Turing Award to the Institute’s Prof. Shafi Goldwasser

Prof. Shafi Goldwasser, who is at both the Weizmann Institute and MIT, will receive the 2012 A.M. Turing Award, together with Prof. Silvio Micali of MIT. Goldwasser is only the third woman to receive the Award since its inception in 1966, and she is the third faculty member of the Weizmann Institute to receive what is considered to be the “Nobel Prize in computing.”

GOLDVASSER

Goldwasser and Micali’s work in the 1980s laid the foundations of modern cryptography – the science that, among other things, keeps your electronic transactions secure.

The basis of their work is a series of riffs on the concepts of probability and proof. For example, in their seminal “zero-knowledge interactive proofs” paper, they changed, forever, the paradigm of a mathematical proof that must be written down, step-by-step, page after page. Instead, they suggested that a proof can come out of a conversation between two parties – a “prover” and a “verifier.”

Laszlo Lovasz describes it thus:

It sounds paradoxical, but there is a scheme which allows the customer to convince the bank that he knows the password – without giving the slightest hint as to what the password is! ….The most interesting aspect of this scheme is that it extends the notion of a proof, thought (at least in classical mathematics) to be well established for more than 2000 years. In the classical sense, a proof is written down entirely by the author (whom we call the Prover), and then it is verified by the reader (whom we call the Verifier). Here, there is interaction between the Prover and the Verifier: The action taken by the Prover depends on the “questions” of the Verifier.

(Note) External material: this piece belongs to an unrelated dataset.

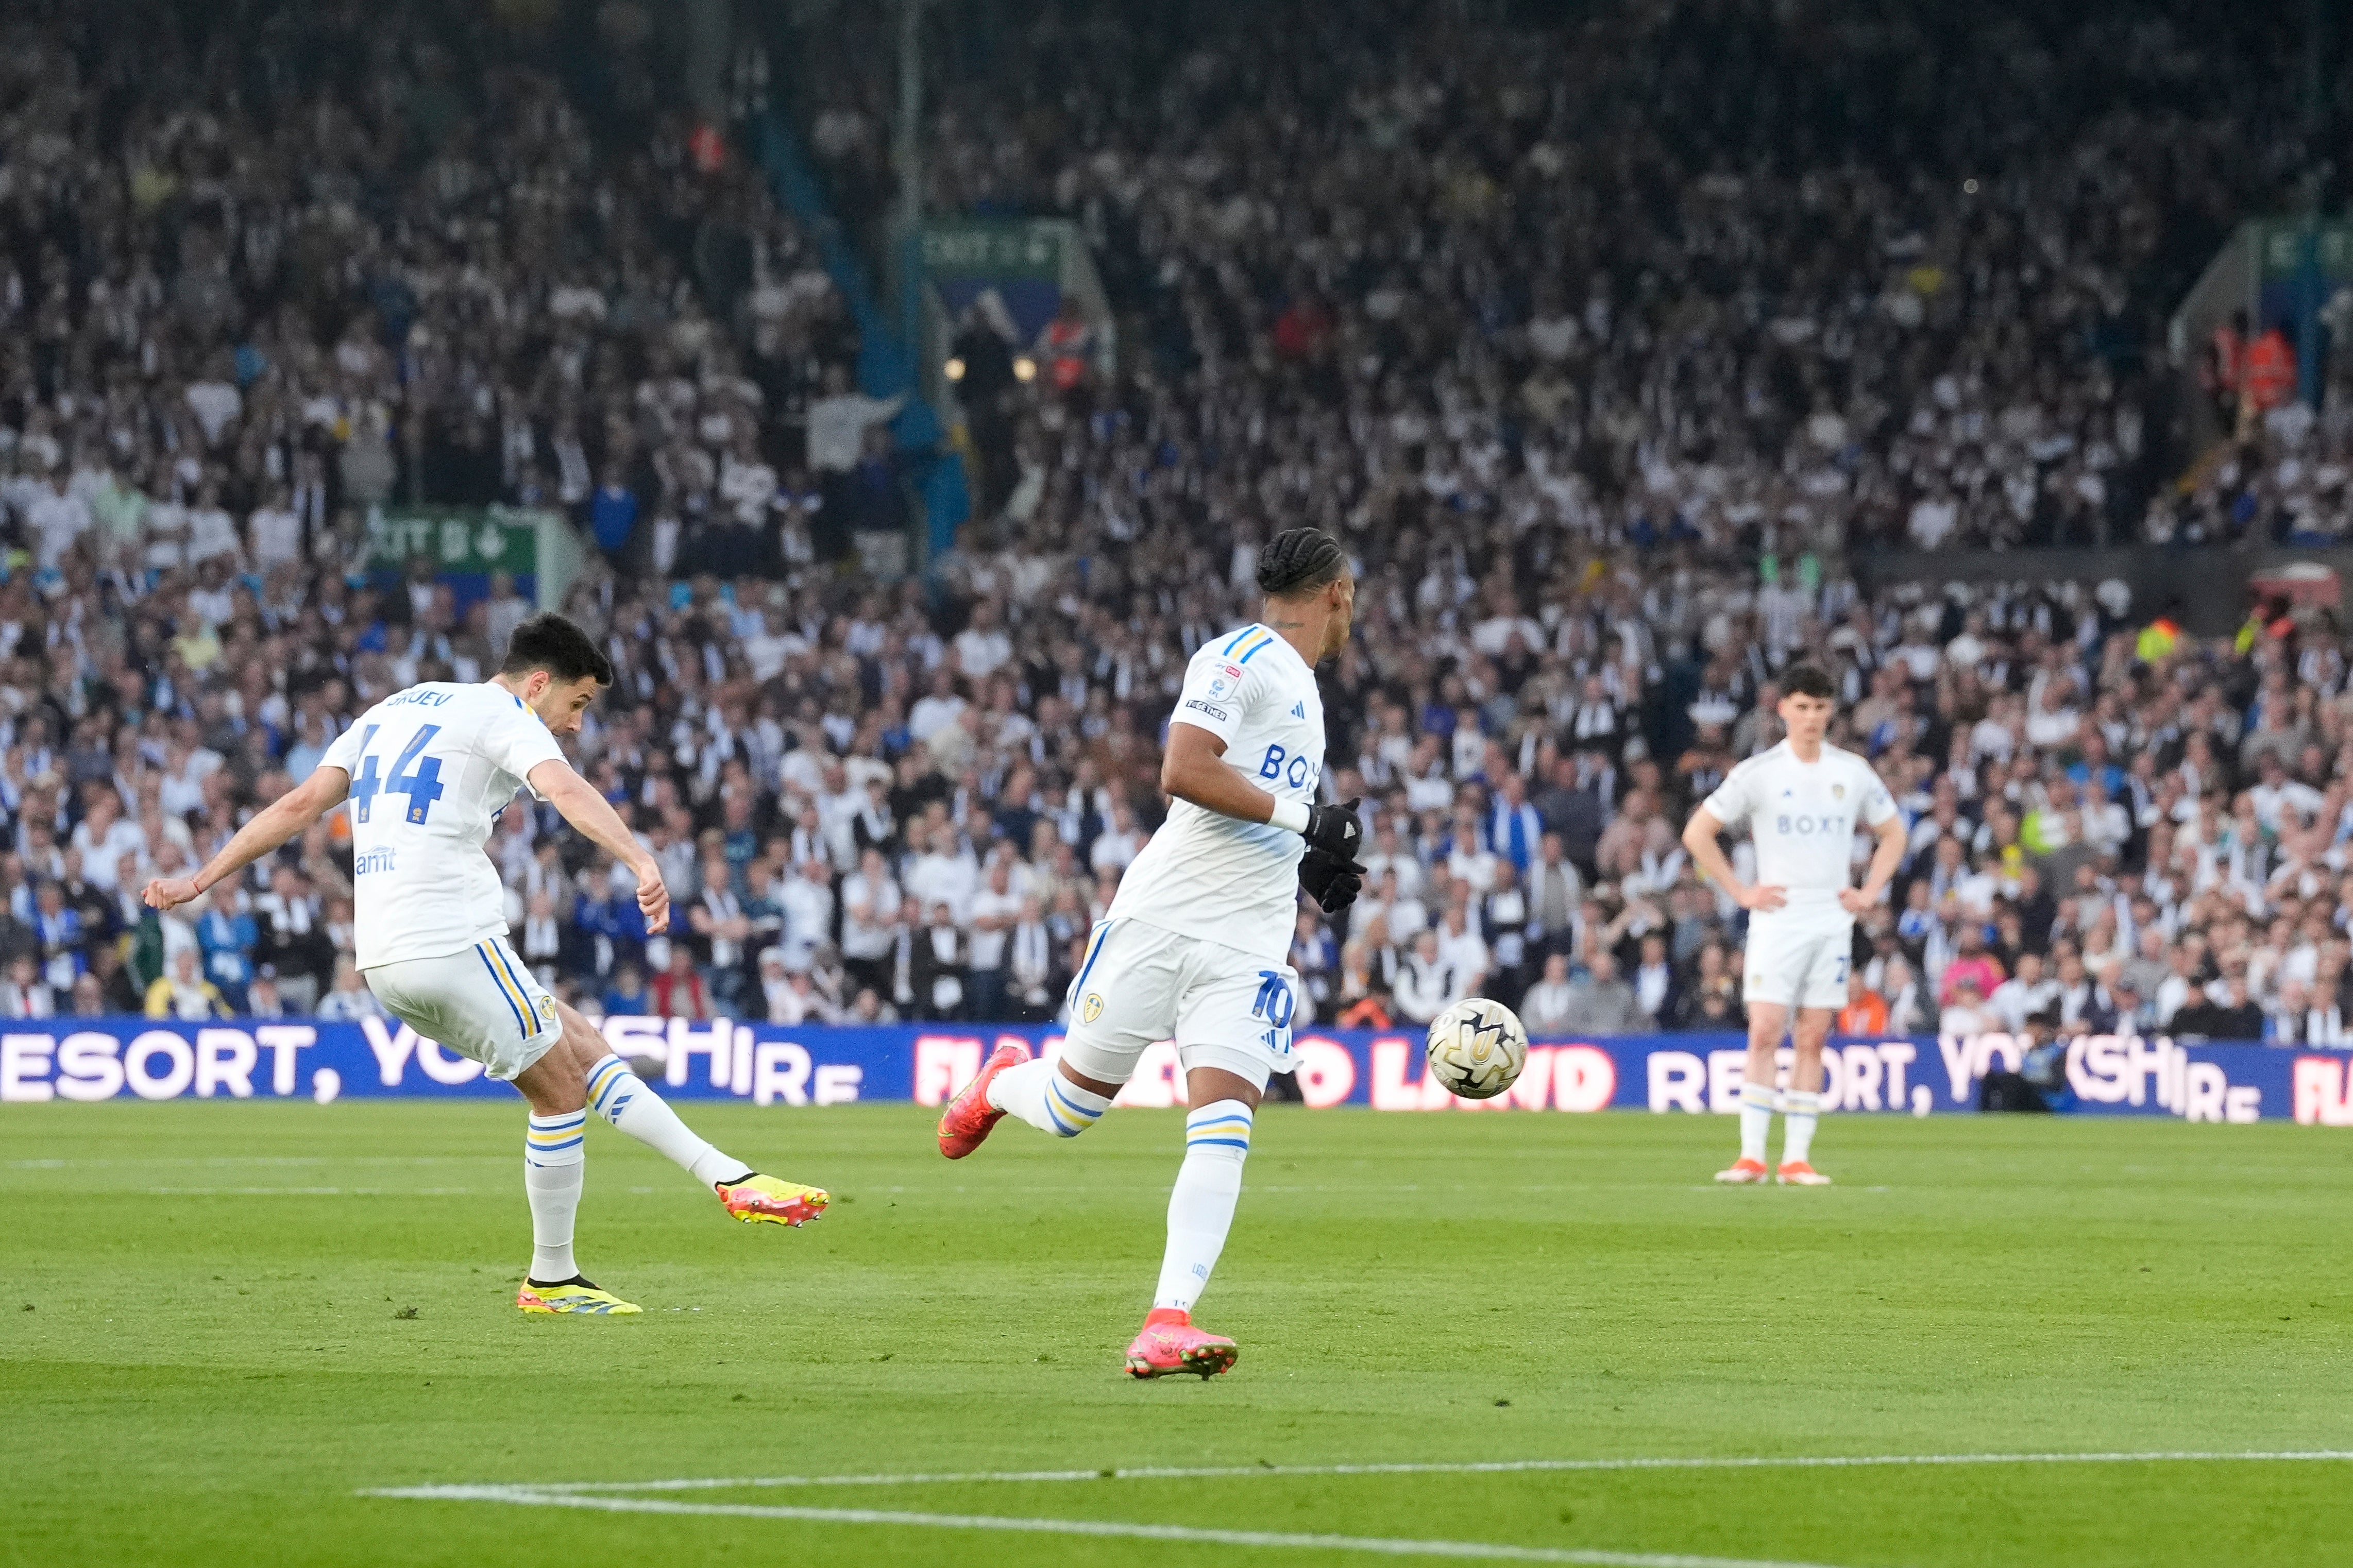 Ilia Gruev’s free kick opened the scoring and gave Leeds confidence to go on and win

In other words, by asking a series of questions, each one randomly based on the answer to the previous question, the verifier can ascertain whether the prover has the mathematical proof -- without actually learning anything about the proof, itself. Obviously, using a method like this can keep your password from being stolen, but it can also be used by people working together online who want to jointly compute functions without giving away their data.

In fact, Goldwasser and Micali’s work has major implications for the entire field of mathematics known as complexity theory. Lovasz imagines using the method to referee an “exponentially long paper”:

There is a way to write down a proof so that a referee can check the correctness of a theorem by reading only a tiny fraction of it. The proof becomes longer than necessary, but not much longer. The number of characters the referee has to read is only around the logarithm of the original proof length!

Just as important, says Goldwasser, you can use such methods to establish that a mathematical statement is not correct, by proving "non existence" of classical proofs.